## Data shown
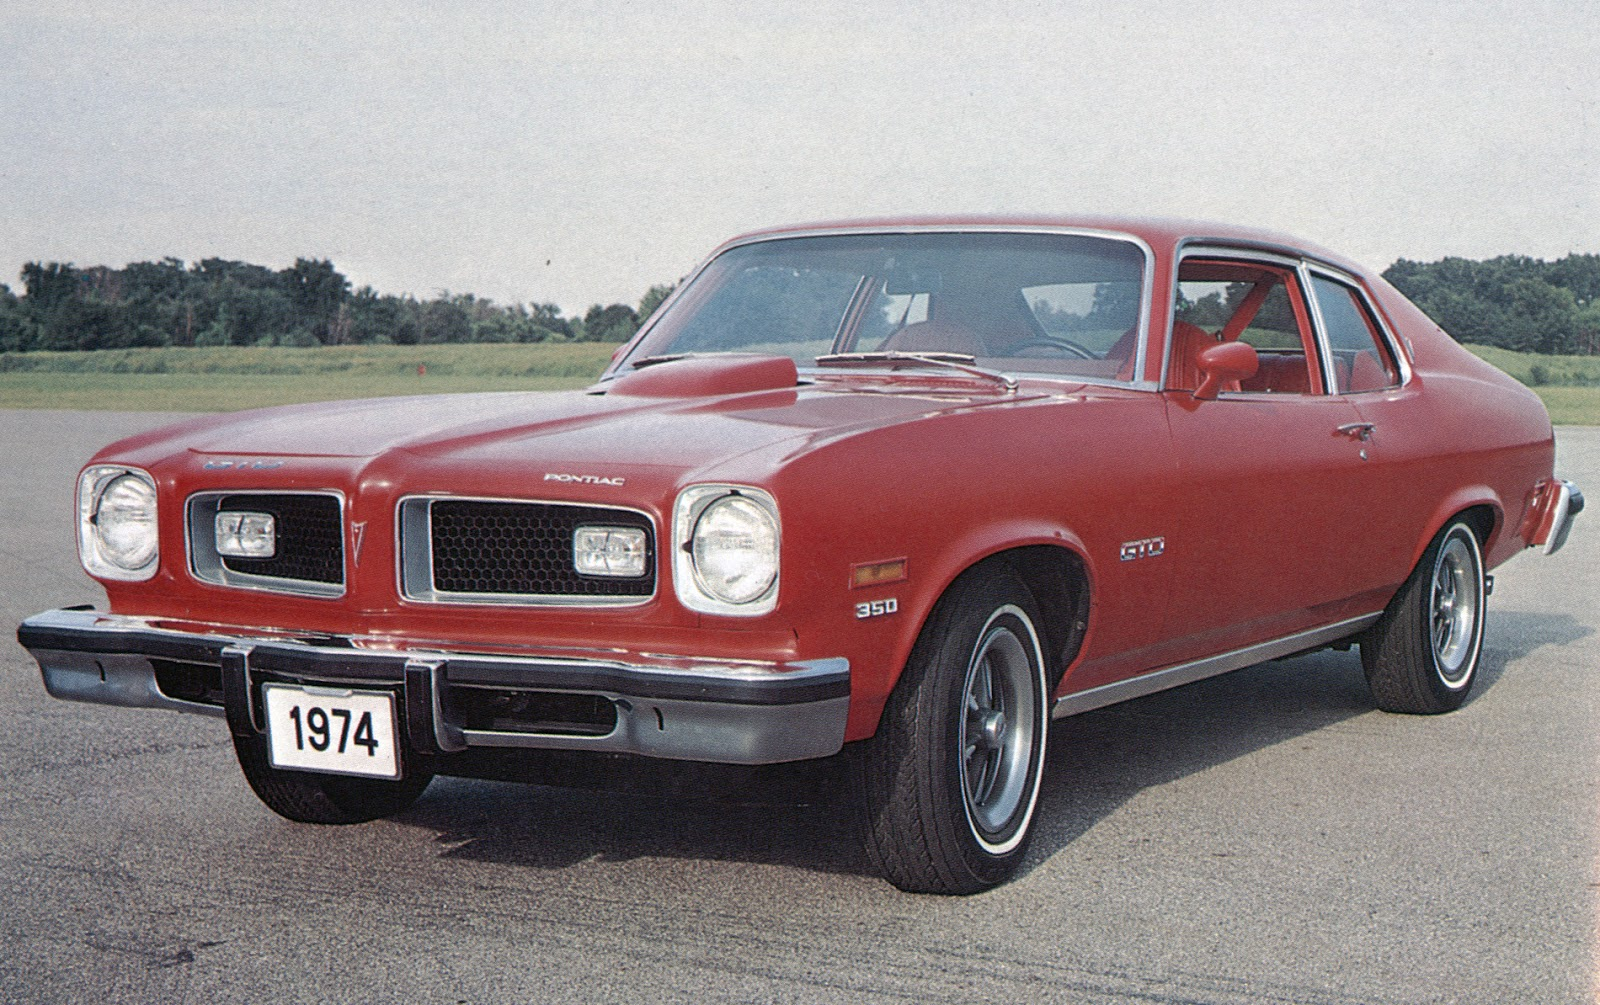 Pontiac GTO III 1974 - 1974 Liftback #7
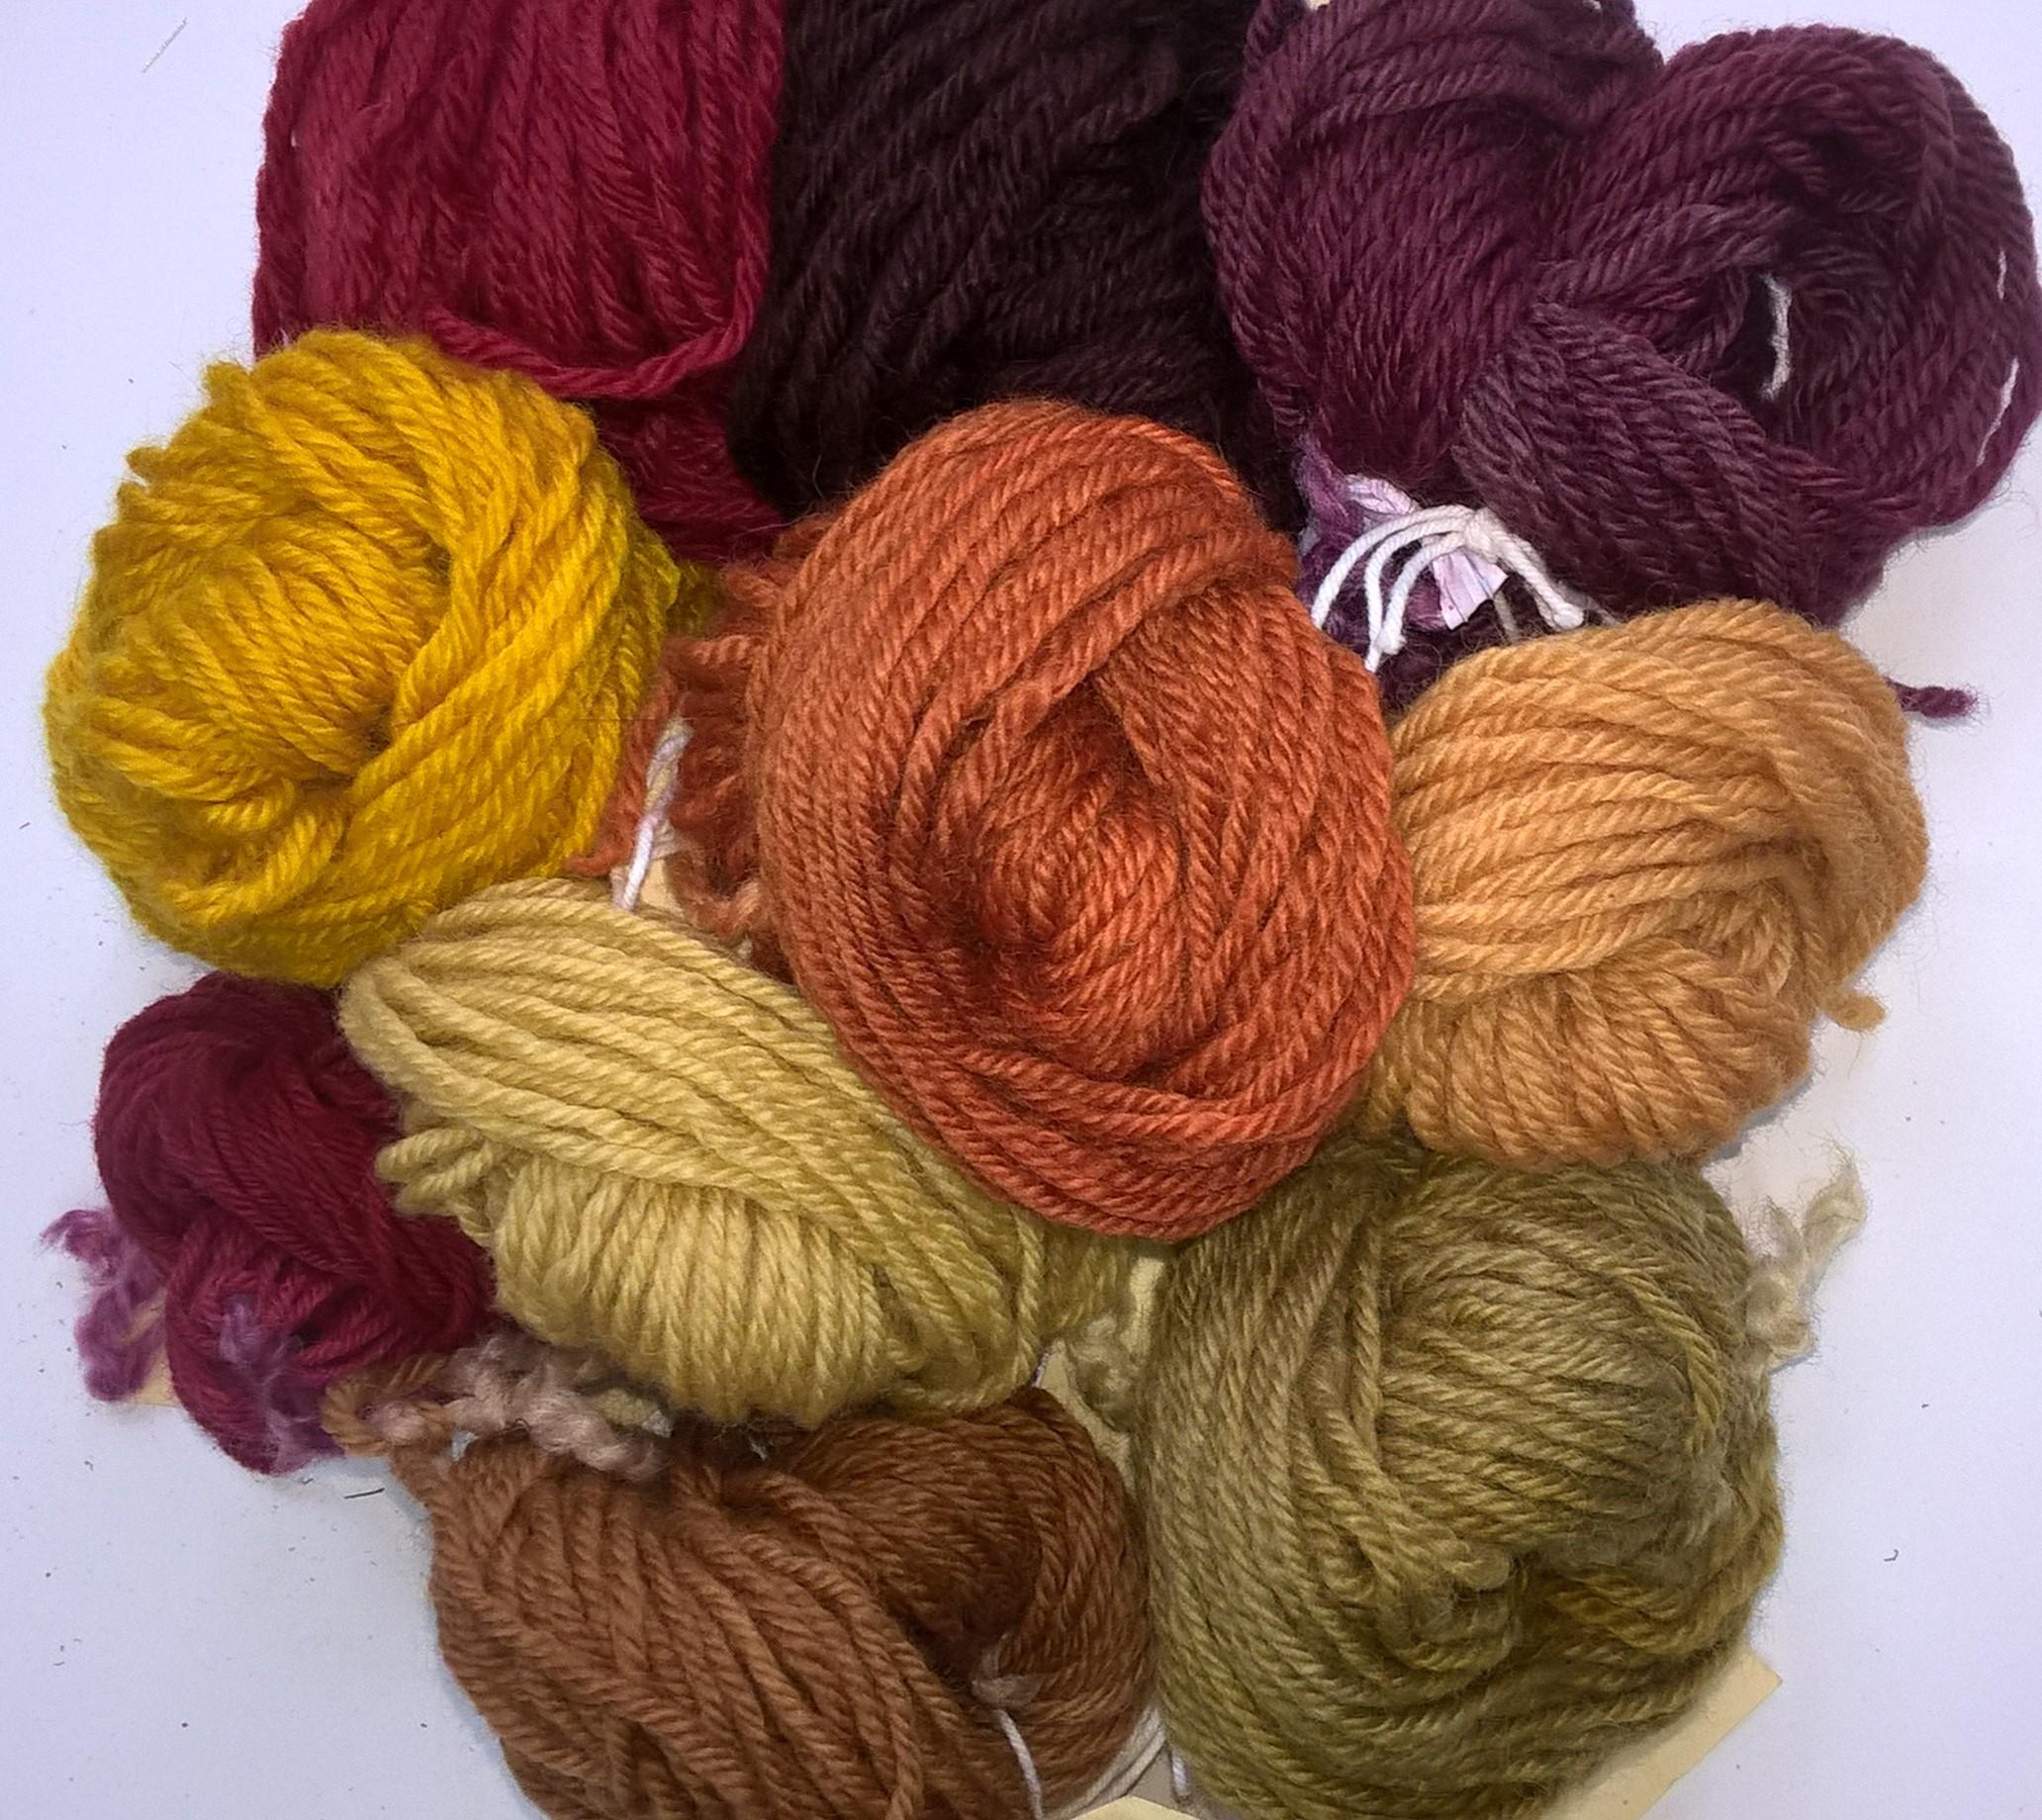 Natural dyes produced at workshop on 15th September
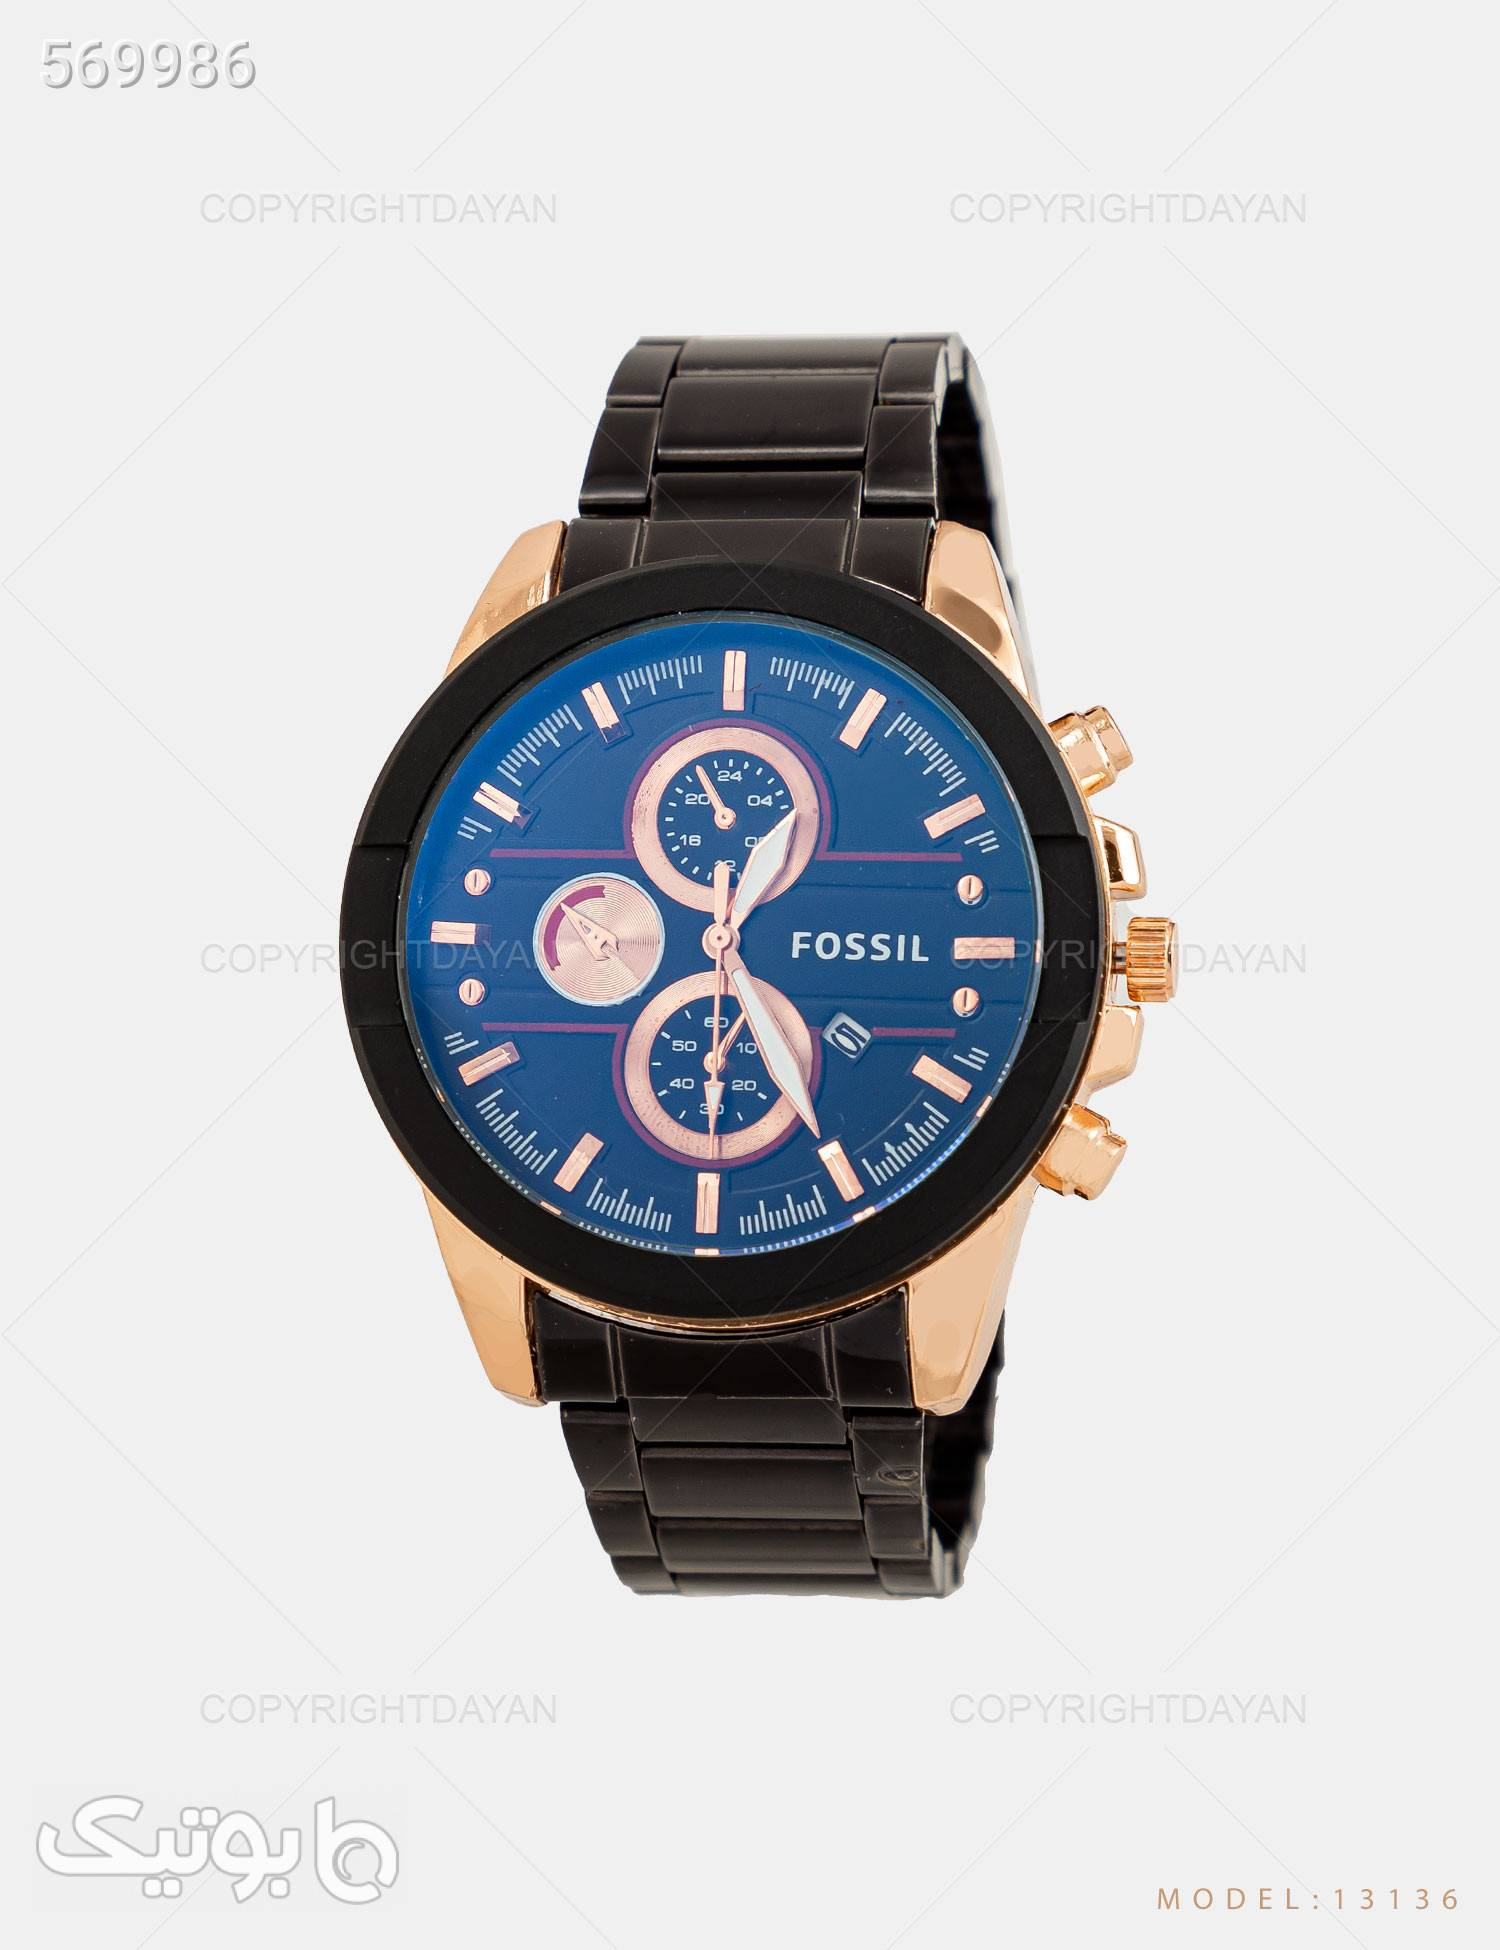 ساعت مچی مردانه Fossil مدل 13136 مشکی ساعت
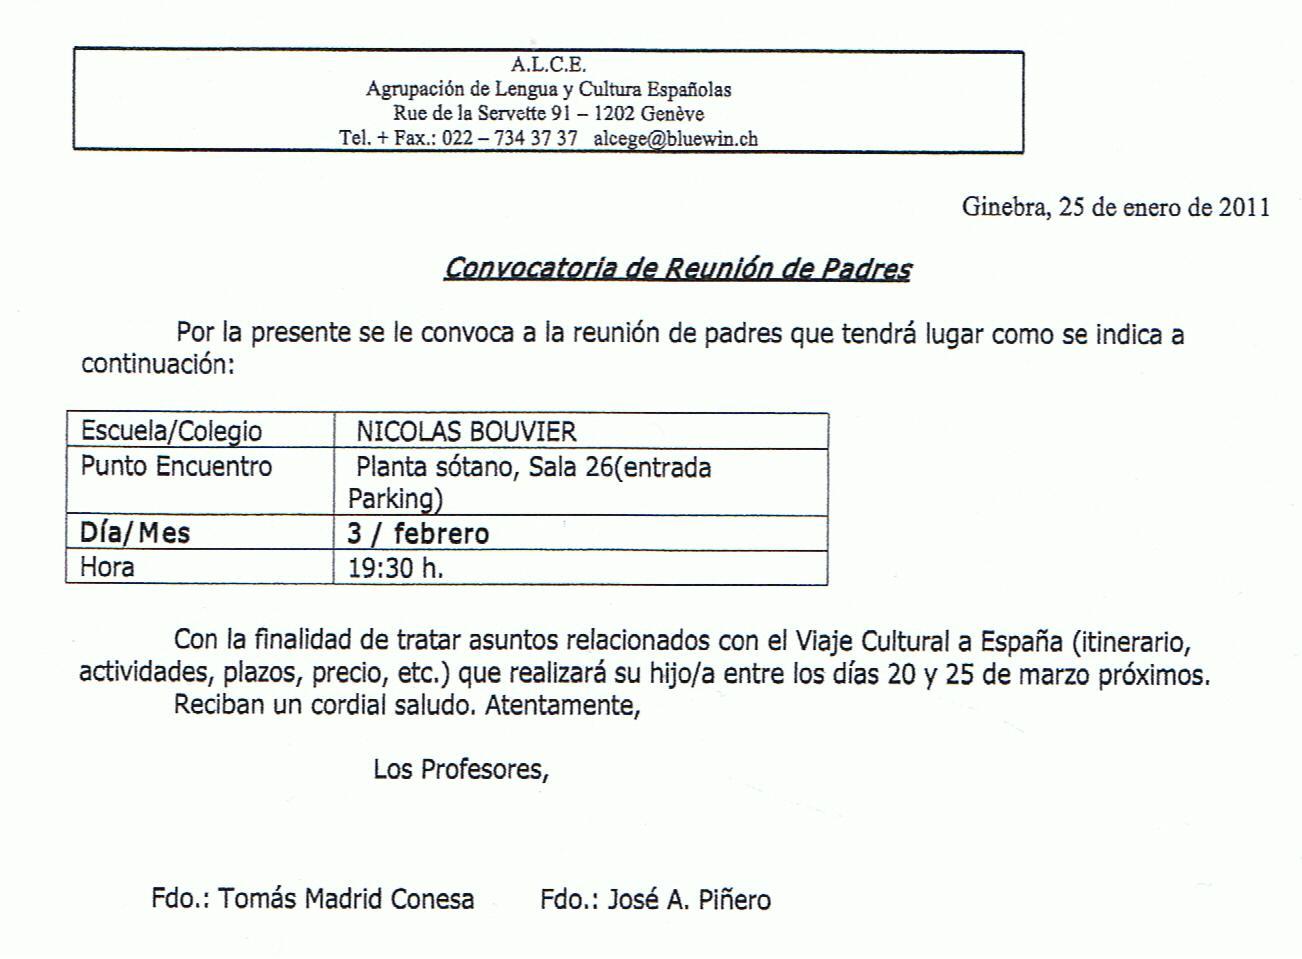 ALUMNOS DE ESPAÑOL (4.2A,B,C y 4.3-B,C,E) EN LA A.L.C.E. de Ginebra ...

## What is required
Give back exactly the lines from the line with "Natural dyes produced" through the end of the material above, and omit every picture.

## Result for this task
 Natural dyes produced at workshop on 15th September
 ساعت مچی مردانه Fossil مدل 13136 مشکی ساعت
 ALUMNOS DE ESPAÑOL (4.2A,B,C y 4.3-B,C,E) EN LA A.L.C.E. de Ginebra ...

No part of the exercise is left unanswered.